"When deciding a guarantor's loan eligibility, banks would take into account the amount he has guaranteed and reduce his eligibility by that extent."
Don't agree to guarantee another person's debt or put up security for someone else," says the Bible. Today, in a different age and era, when most can't do without taking debt in some form or another, the age-old advice still holds true.
It's difficult to say no when a relative or a friend asks you to guarantee her home loan.
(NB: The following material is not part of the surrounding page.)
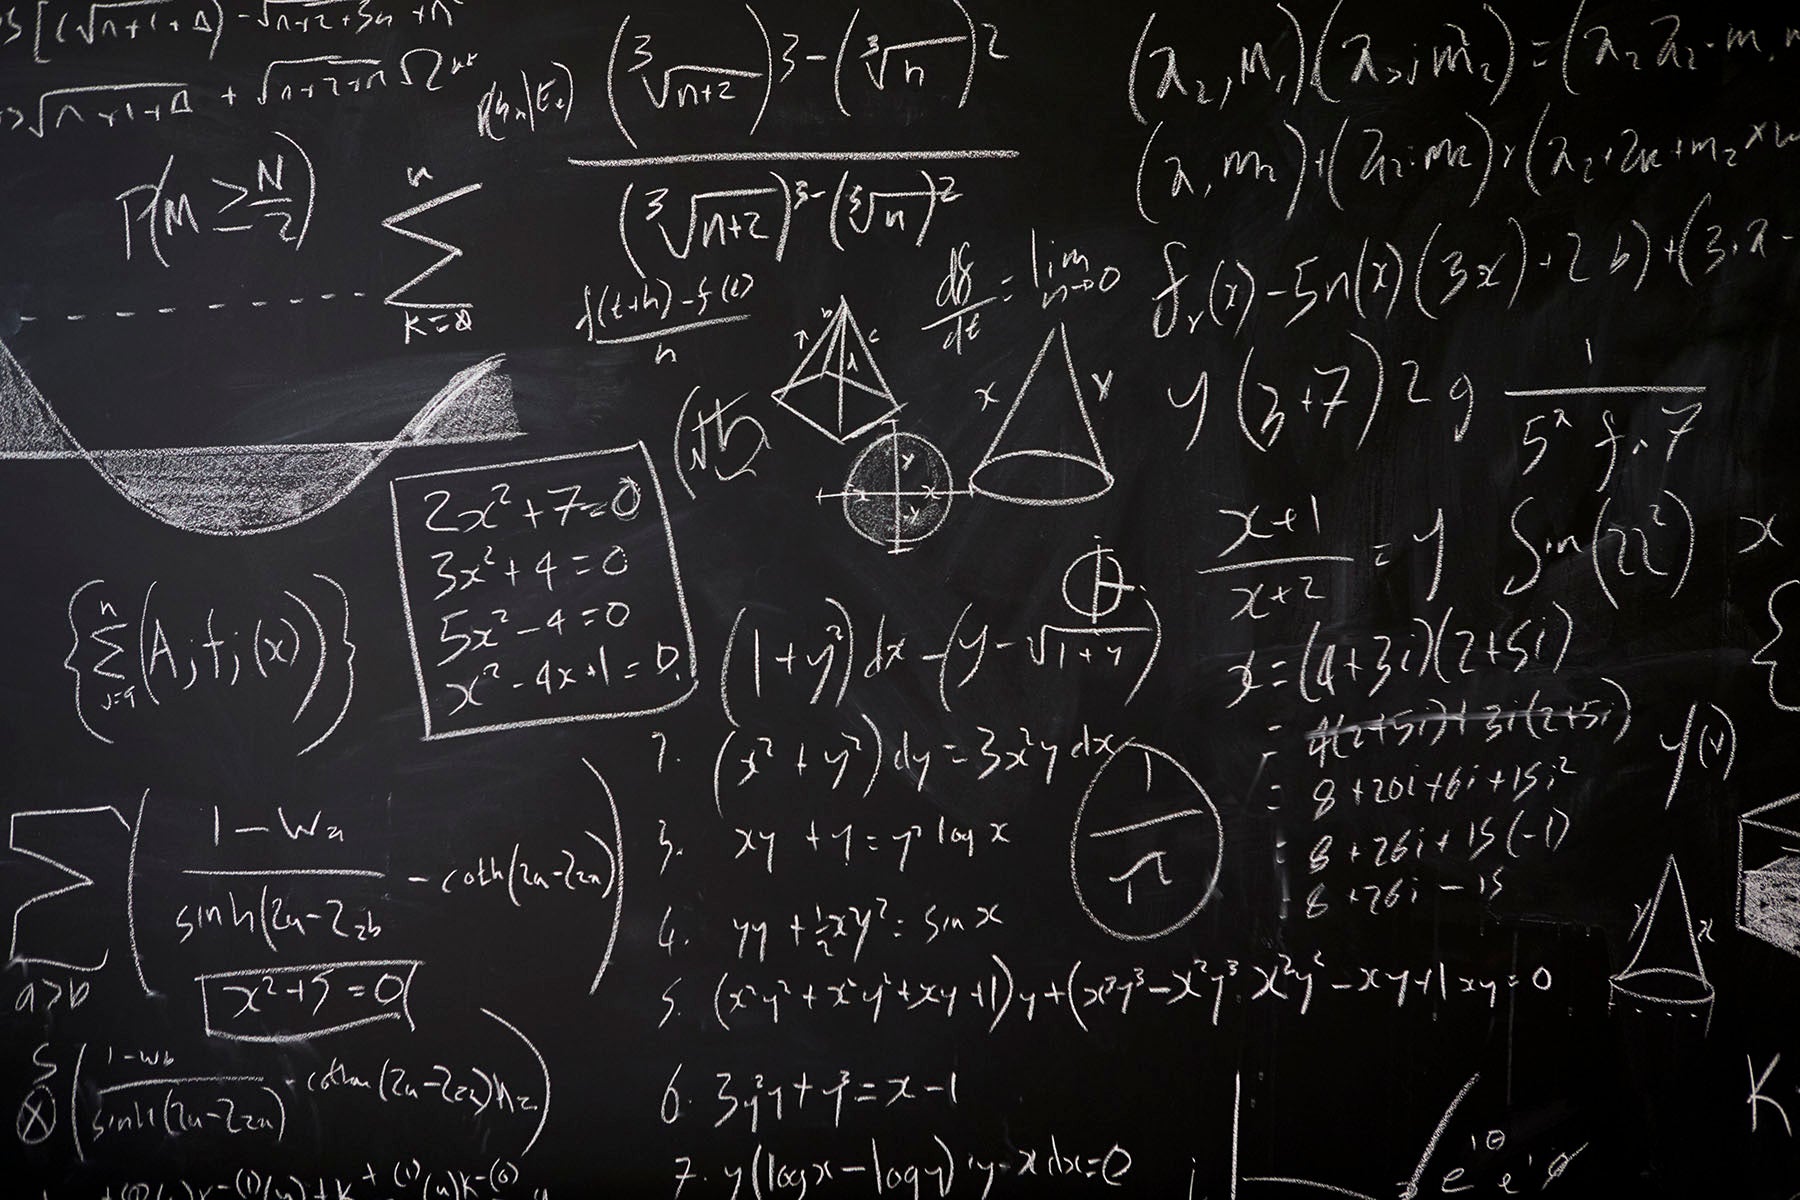 blackboard-with-maths-statistics-equations-and-id-2021-08-26-16-13-37-utc.jpg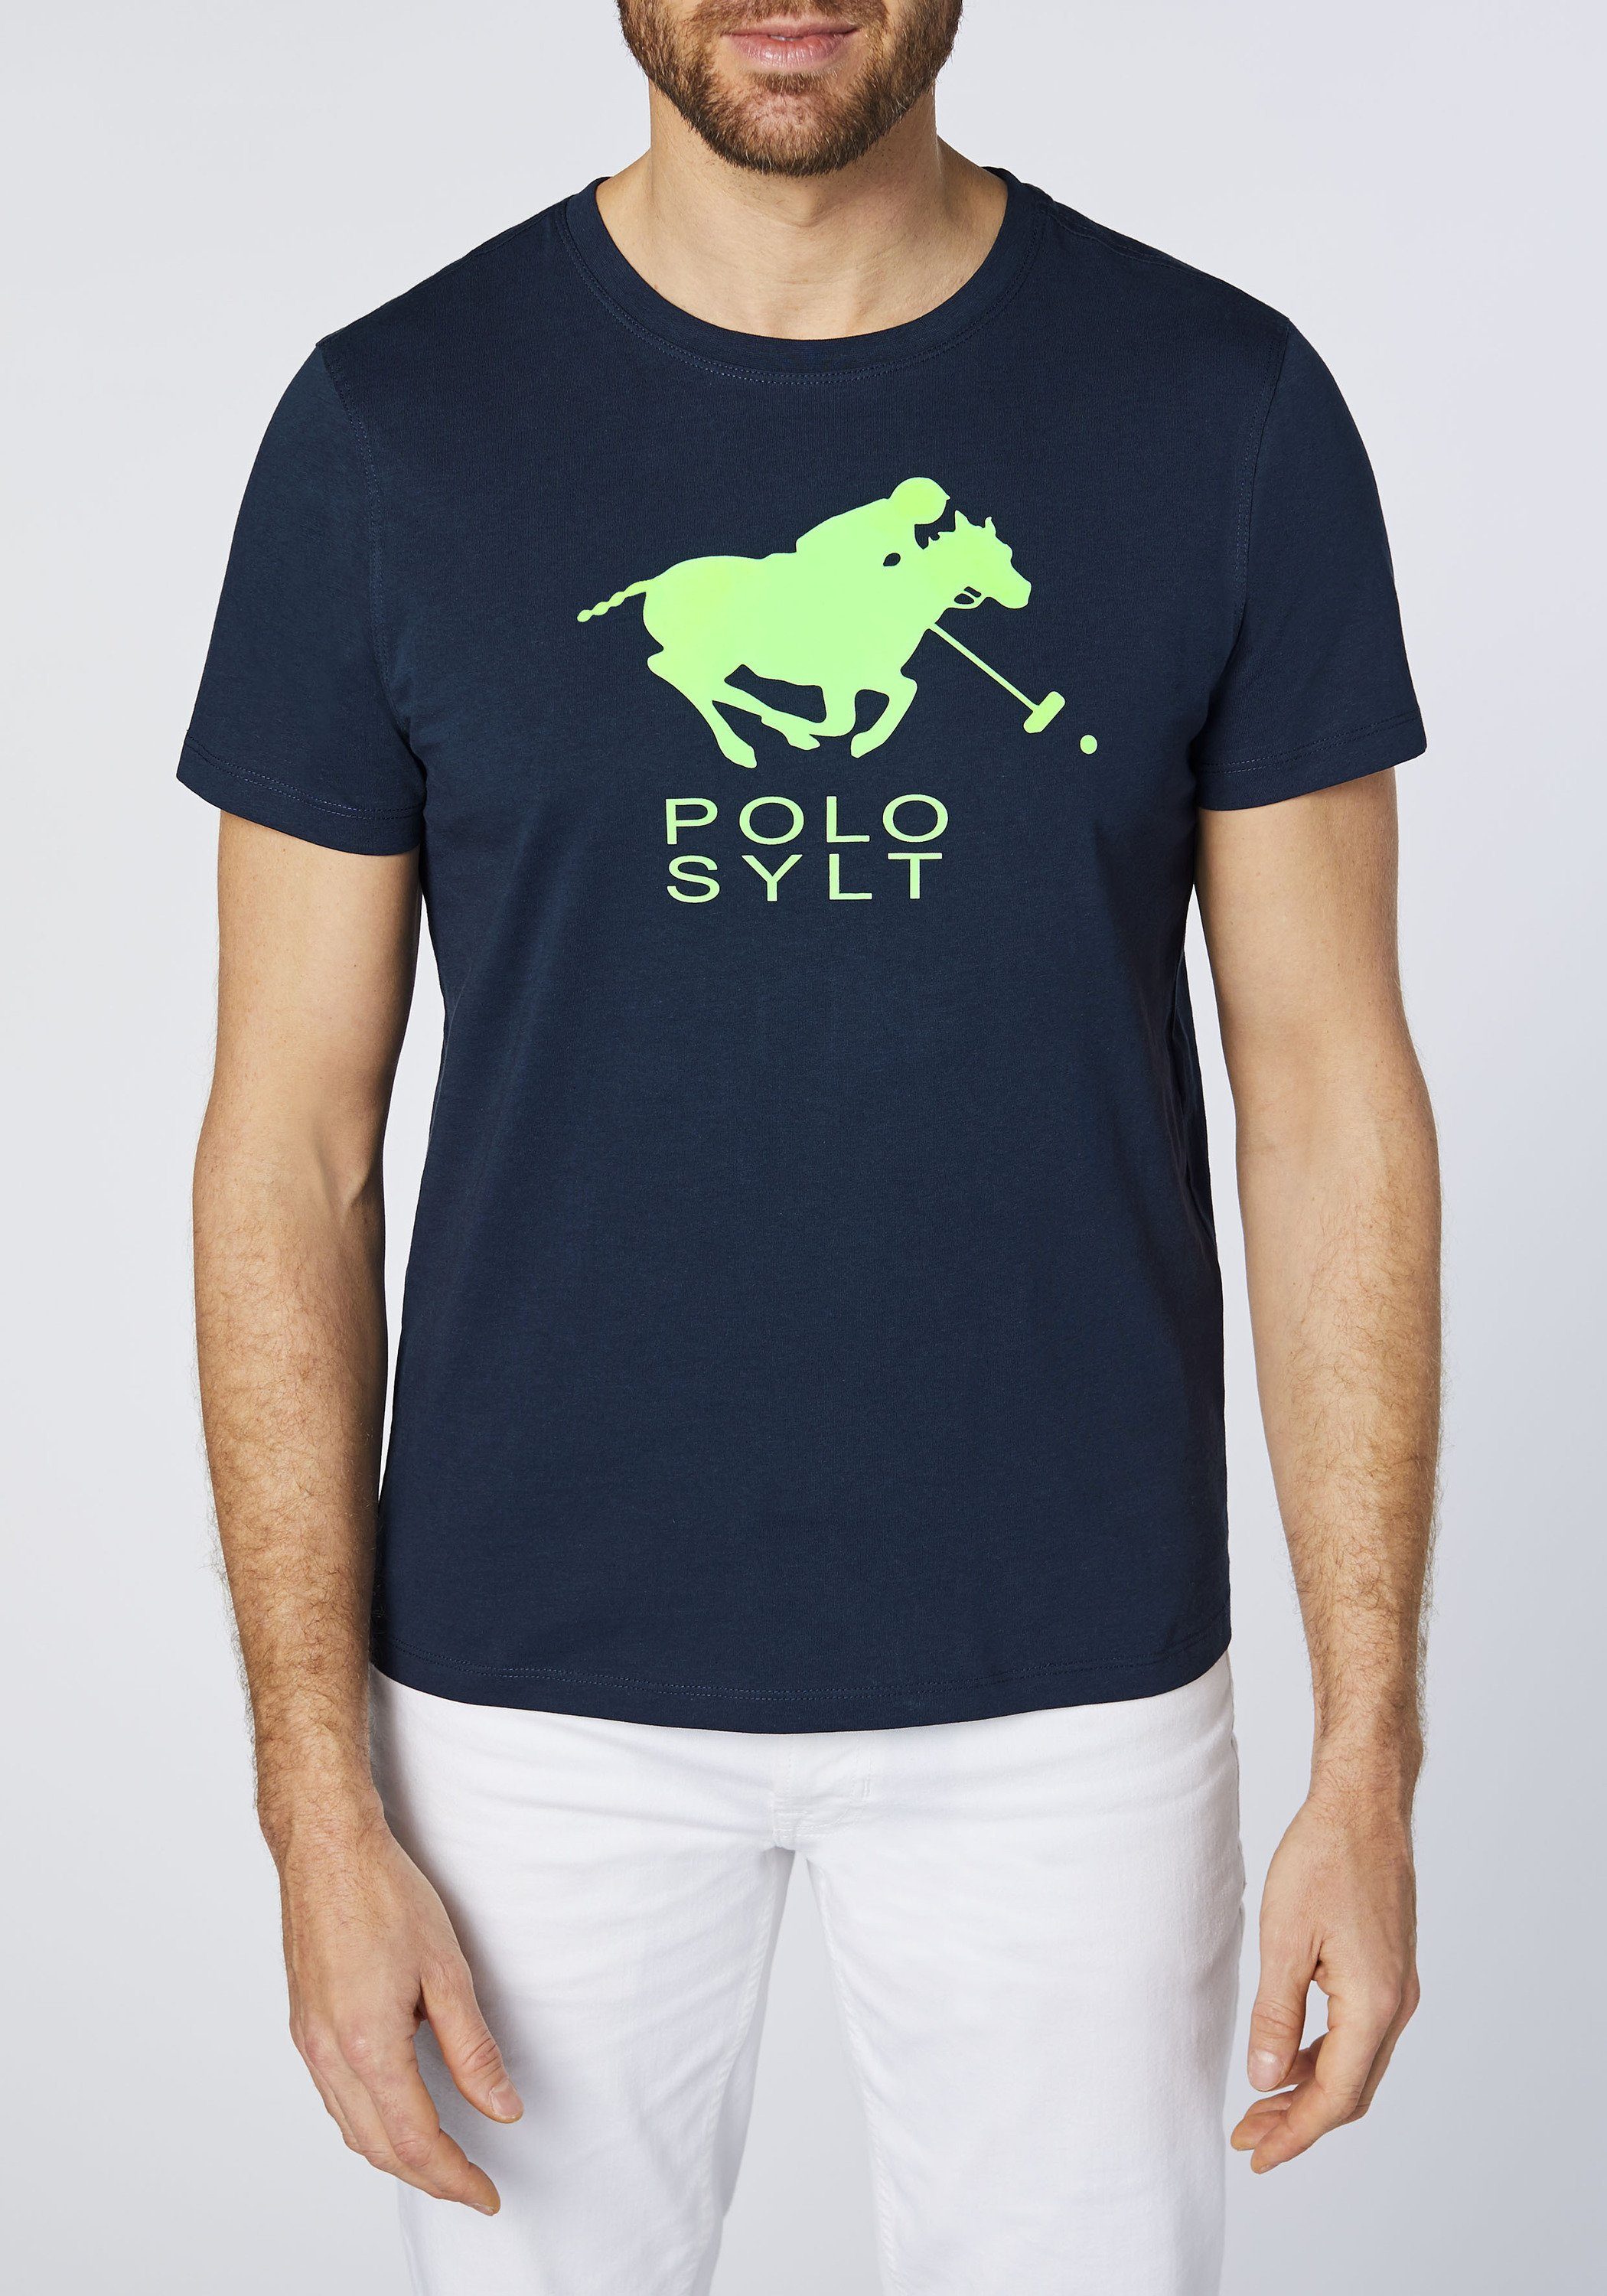 Polo Sylt Logo Print-Shirt Total Frontprint mit Neon Eclipse

But a mere signature and a bit of paperwork could cost you dear at a later date. "A guarantor on a loan is someone who accedes to be accountable (legally liable) for the repayment of the borrower's debt in case of default for whatever reasons," says Uday Wavikar, a Mumbai high court advocate.
So, even at the cost of sounding rude, consider what we have to tell you before agreeing to become a guarantor on a home loan.
Who can be a guarantor
"Lenders prefer blood relatives, but friends and colleagues can also provide a guarantee," says Kartik Varma, co-founder, iTrust Financial Advisers Pvt. Ltd.
Family, friend or colleague, becoming a guarantor entails a huge responsibility. So, banks will ensure you are able to bear that responsibility. Banks would check your credentials thoroughly on the basis of pre-determined criteria, such as income. Banks would also ask for details of your assets and liabilities along with copies of supporting documents. You would also have to sign a legal agreement.
Future loan prospects: Becoming a loan guarantor would significantly reduce your loan-taking capability. "If someone is a guarantor on a loan, his own loan eligibility comes down than what it would have been if he wasn't a guarantor," says Kamlesh Rao, executive vice-president (mortgages), Kotak Mahindra Bank Ltd.
When deciding a guarantor's loan eligibility, banks would take into account the amount he has guaranteed and reduce his eligibility by that extent. Suppose you guarantee a home loan with an equated monthly installment of Rs10,000 and you earn Rs60,000 per month and your monthly expenses are Rs45,000, your loan eligibility would come to Rs5 lakh. If you hadn't guaranteed the loan, your eligibility would have shot up to Rs15 lakh.
Credit report will show liability: The borrower's as well as your credit reports will mention that you are a guarantor. Says Arun Thukral, managing director, Credit Information Bureau (India) Ltd: "A guarantor's report will state so. In fact, for any valid application, the bank can access the guarantor's credit report." Also, if the borrower defaults on the loan, it will reflect on the guarantor's credit report.
What if borrower defaults
The reasons for default could be beyond anybody's control: unforeseen financial hardships, unemployment, disability or even death.
Every bank has an internal recovery policy they adhere to. First, the banks would try and recover the debt from the borrower. But, if that doesn't work, you will get a notice next. If the bank decides to recover the funds from you, you will be liable to make the payments.
Abhijit Bose, senior vice-president and head-retail assets, Development Credit Bank Ltd, says, "When the bank legally recalls the loan, the entire loan amount becomes payable."